## Work task:
Give back only the lines in the records below from the one with "LN-family.com - New" to the one with "Посмотрите все доступные цвета...", both inclusive, word for word.

## Data shown:

· · · · ·

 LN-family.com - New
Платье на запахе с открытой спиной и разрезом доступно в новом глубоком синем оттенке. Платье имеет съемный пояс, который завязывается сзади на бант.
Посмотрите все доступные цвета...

· · · · ·

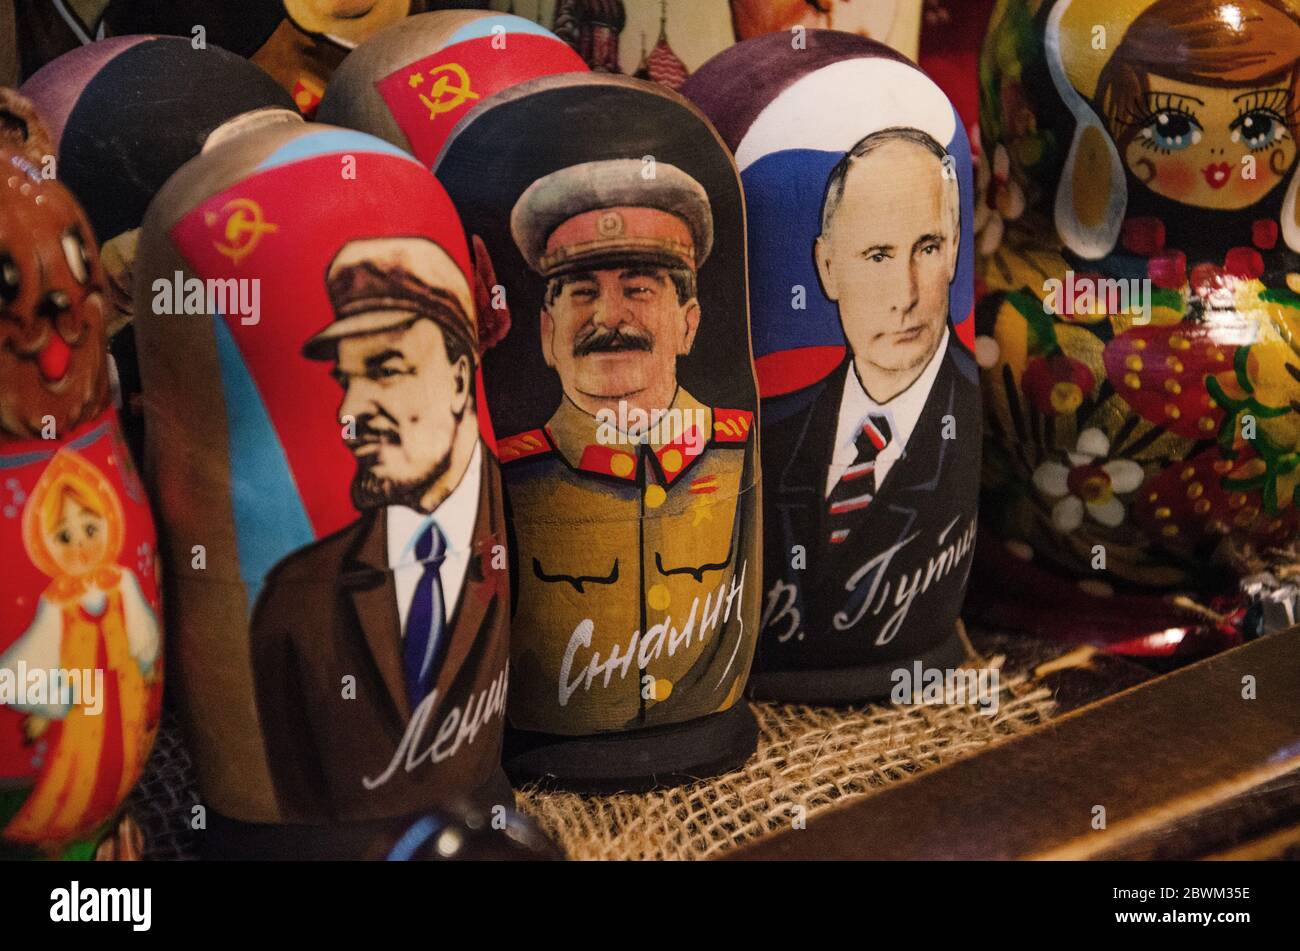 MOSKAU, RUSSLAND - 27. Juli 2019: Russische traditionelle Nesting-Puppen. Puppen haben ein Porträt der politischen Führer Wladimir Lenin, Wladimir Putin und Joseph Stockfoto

· · · · ·

## Answer section:
 LN-family.com - New
Платье на запахе с открытой спиной и разрезом доступно в новом глубоком синем оттенке. Платье имеет съемный пояс, который завязывается сзади на бант.
Посмотрите все доступные цвета...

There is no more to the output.